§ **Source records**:
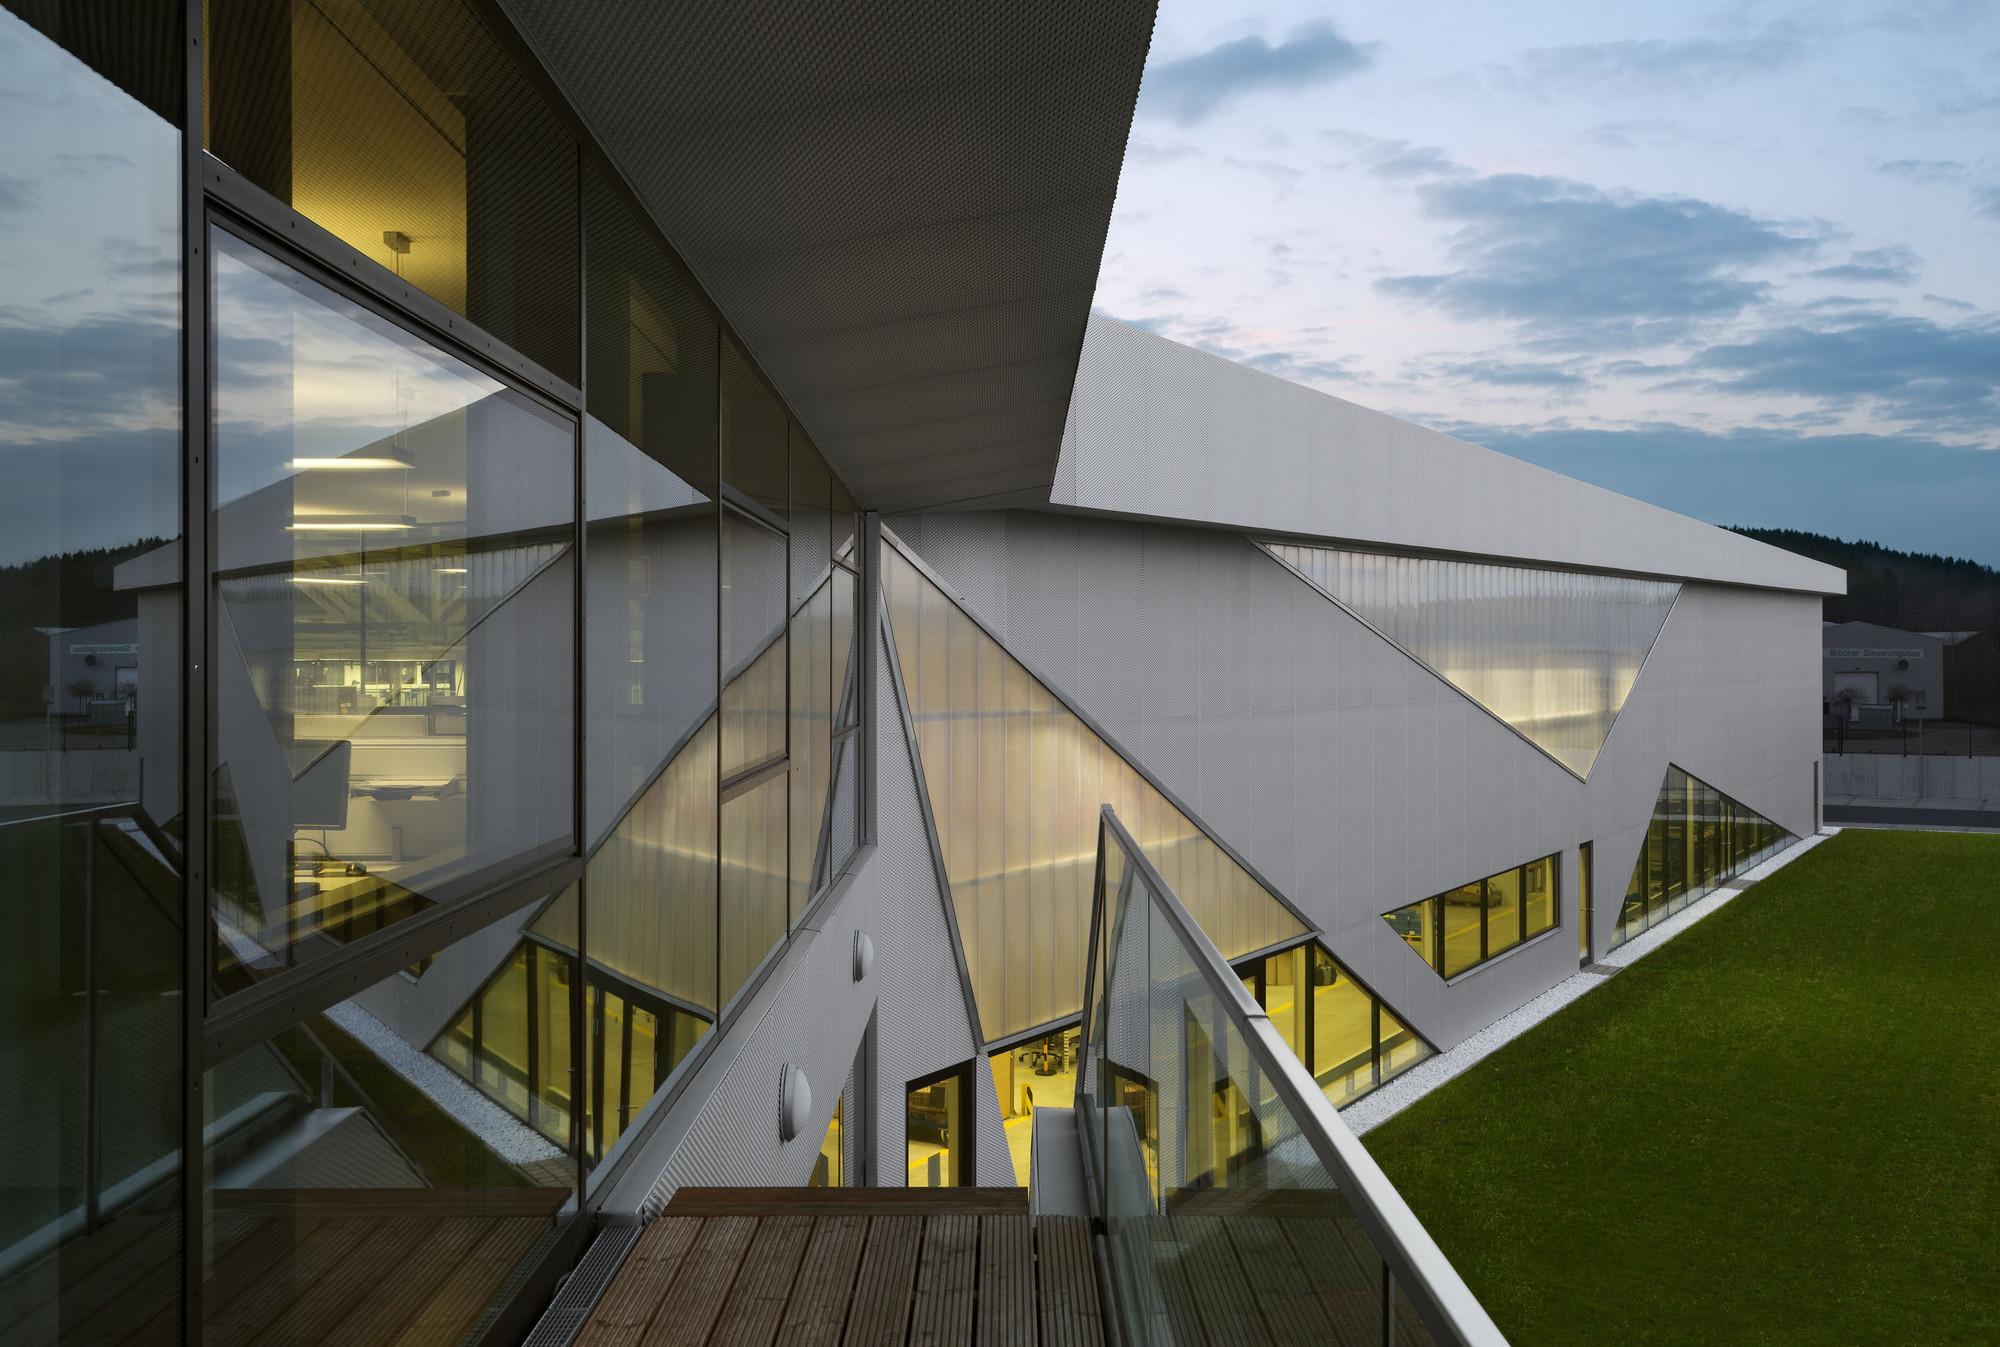 New building Drehmo Wenden / wurm + wurm, © Ester Havlova, Walter Fogel
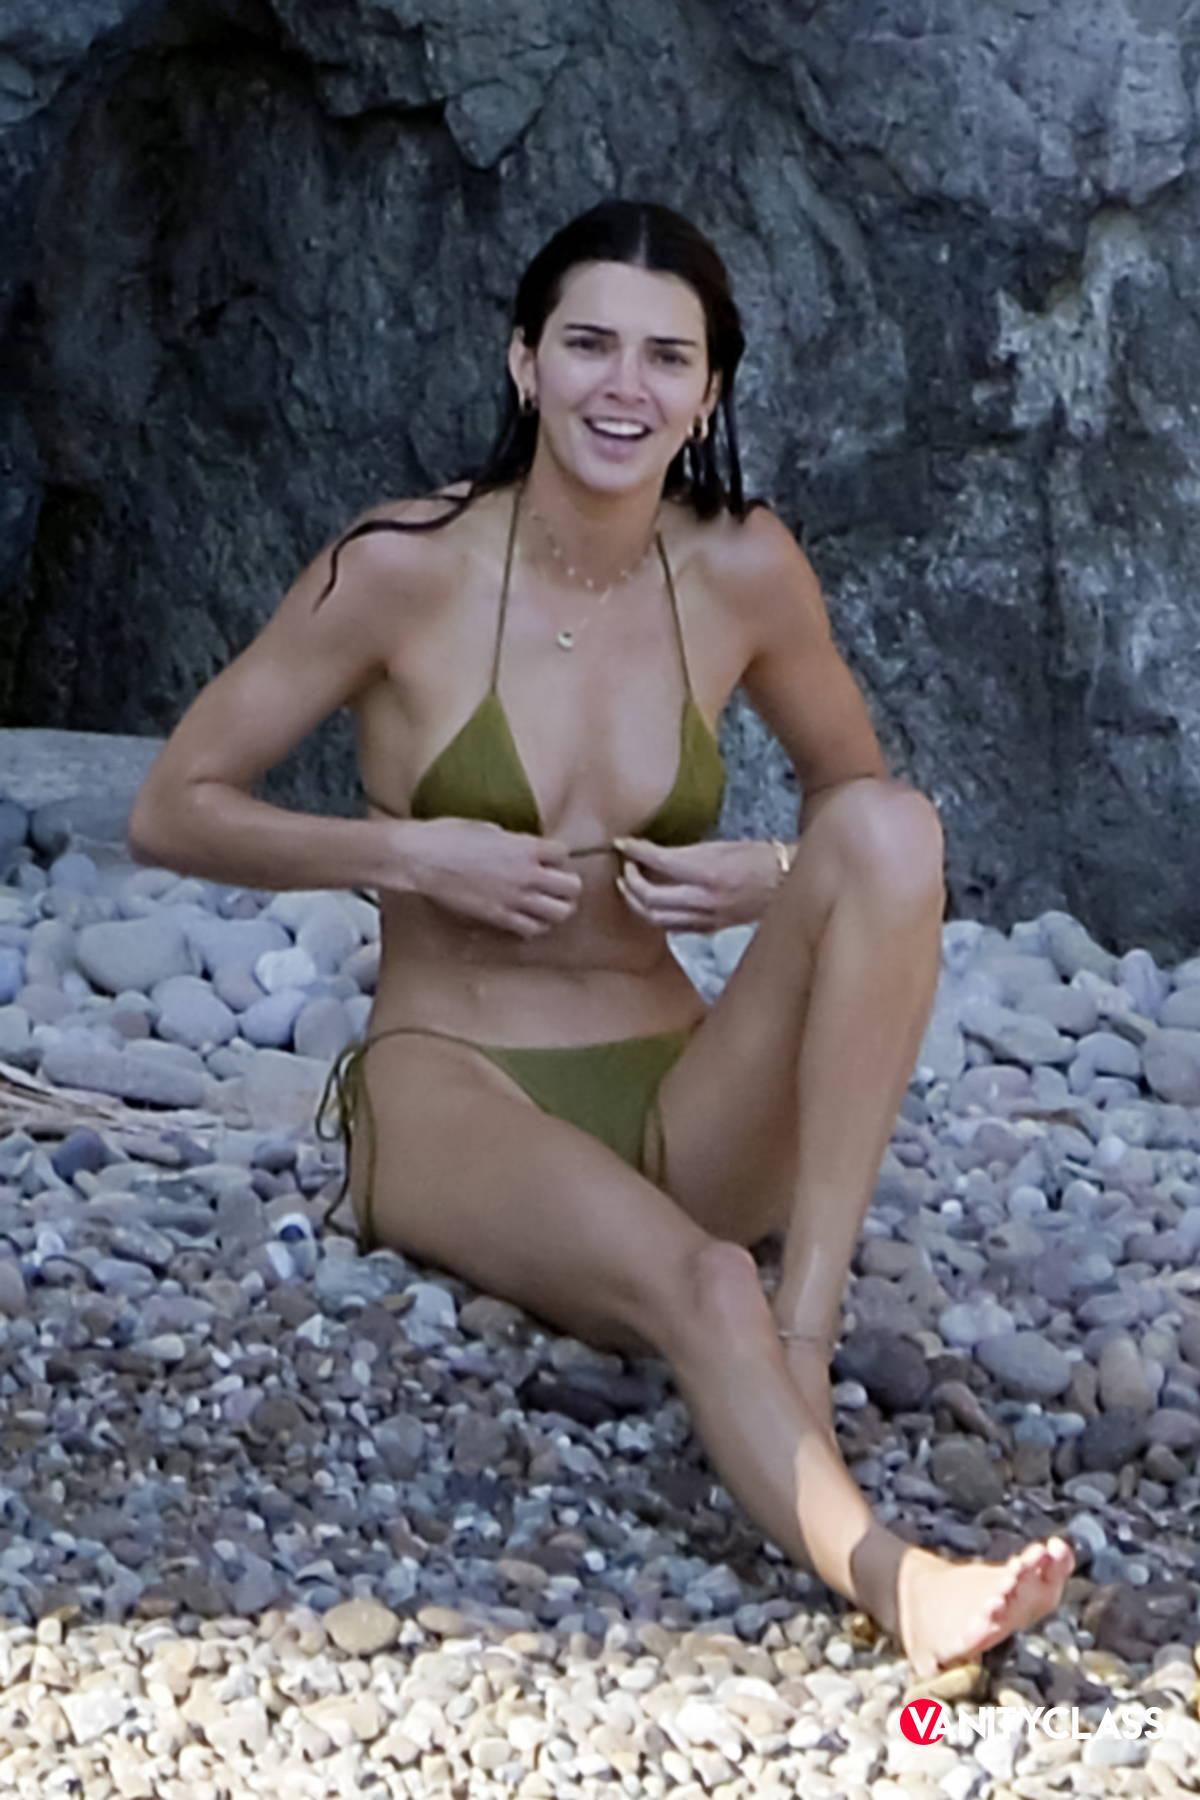 Kendall Jenner si è innamorata di Ponza
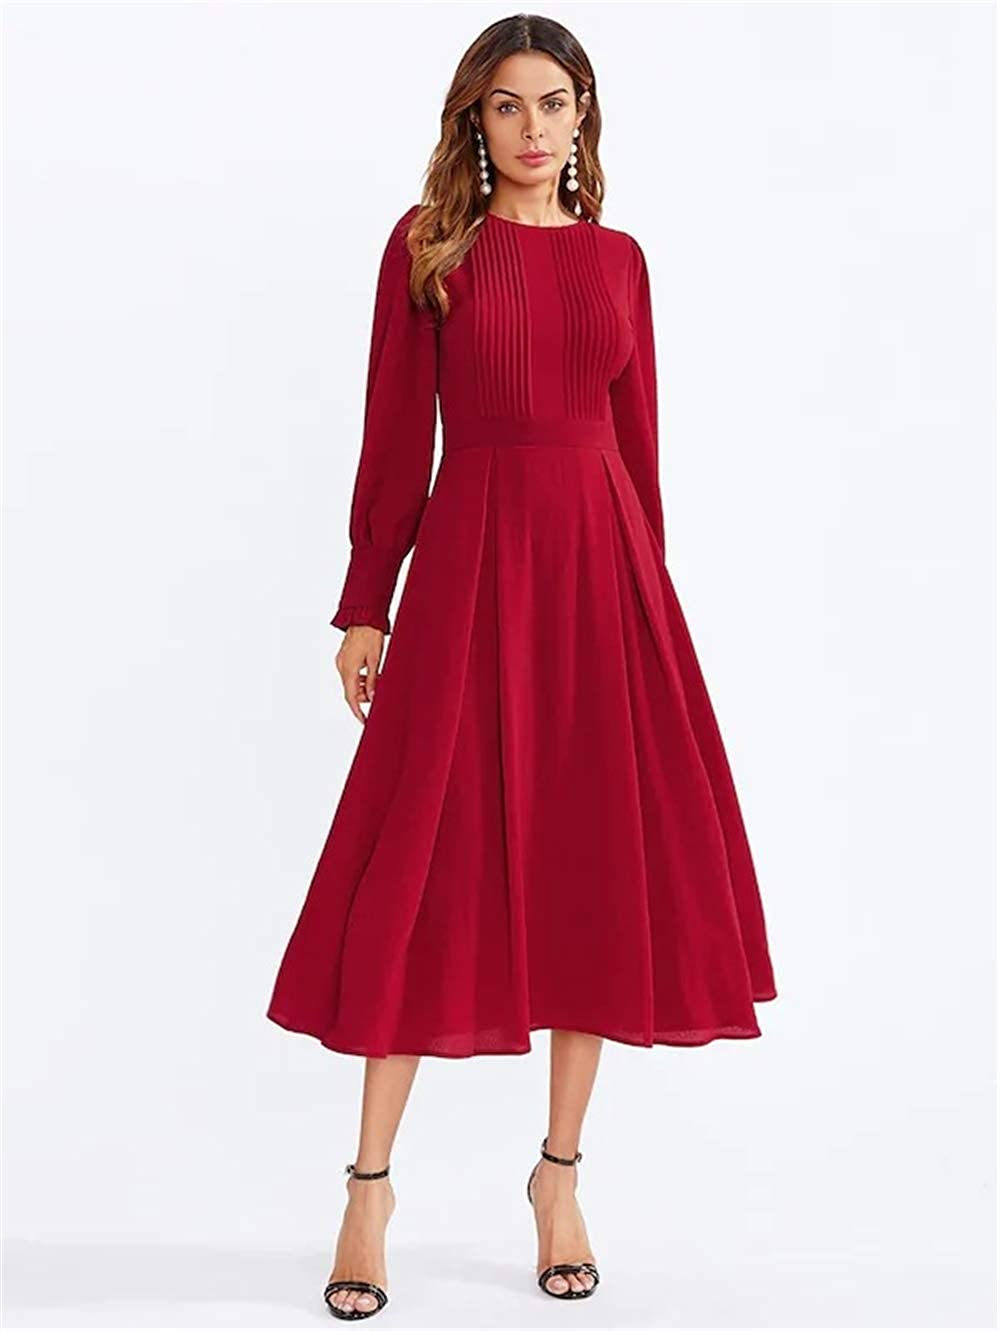 Shanenxn Women Solid Long Sleeve Cowl Neck Maxi Dress Vintage Pocket Dresses Casual
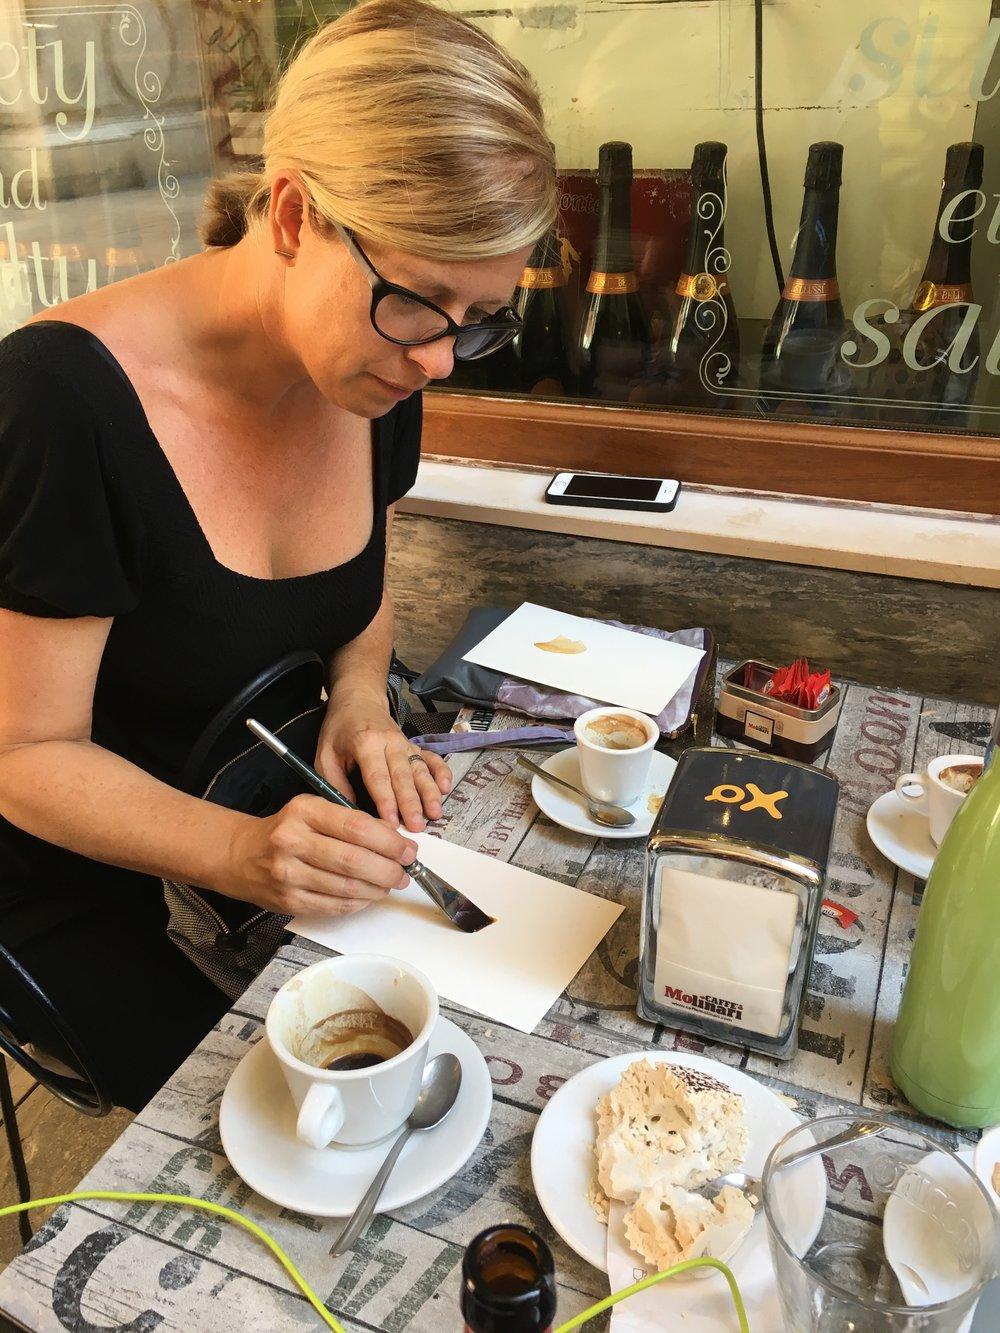 Danielle Krysa painting with coffee in a Venetian café
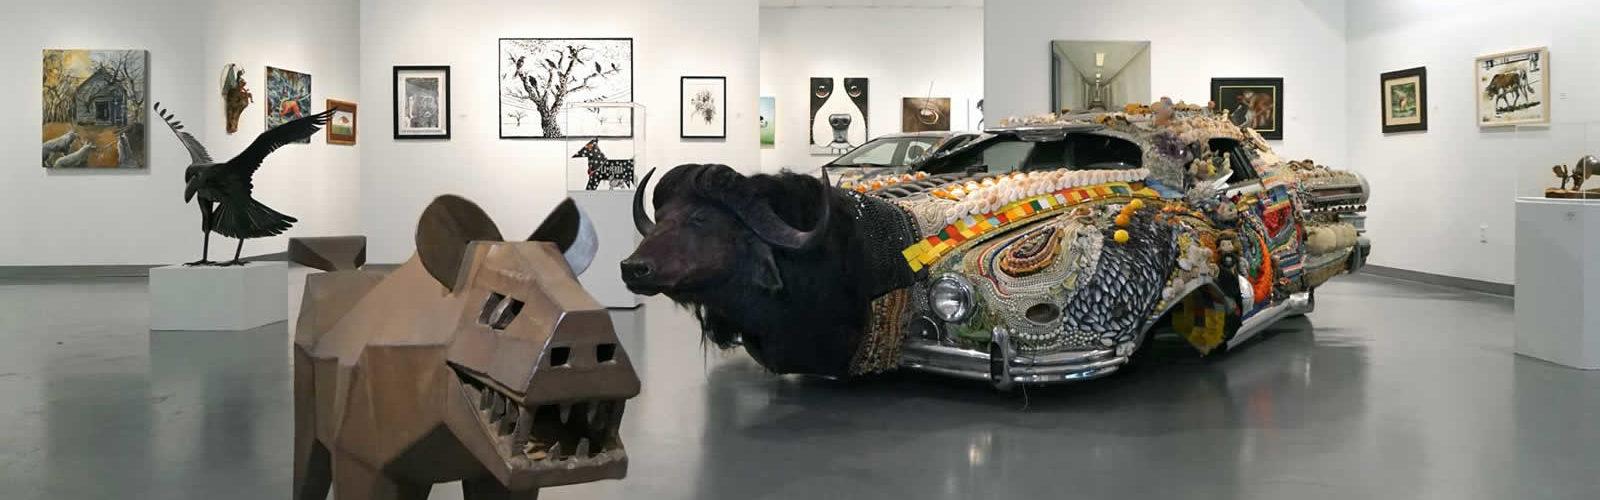 art-car-museum-houston-art-automobile-musee-une

§ **Exercise brief**: All of the entries above should be duplicated exactly, except for the pictures.

§ **Exercise result**:
 New building Drehmo Wenden / wurm + wurm, © Ester Havlova, Walter Fogel
 Kendall Jenner si è innamorata di Ponza
 Shanenxn Women Solid Long Sleeve Cowl Neck Maxi Dress Vintage Pocket Dresses Casual
 Danielle Krysa painting with coffee in a Venetian café
 art-car-museum-houston-art-automobile-musee-une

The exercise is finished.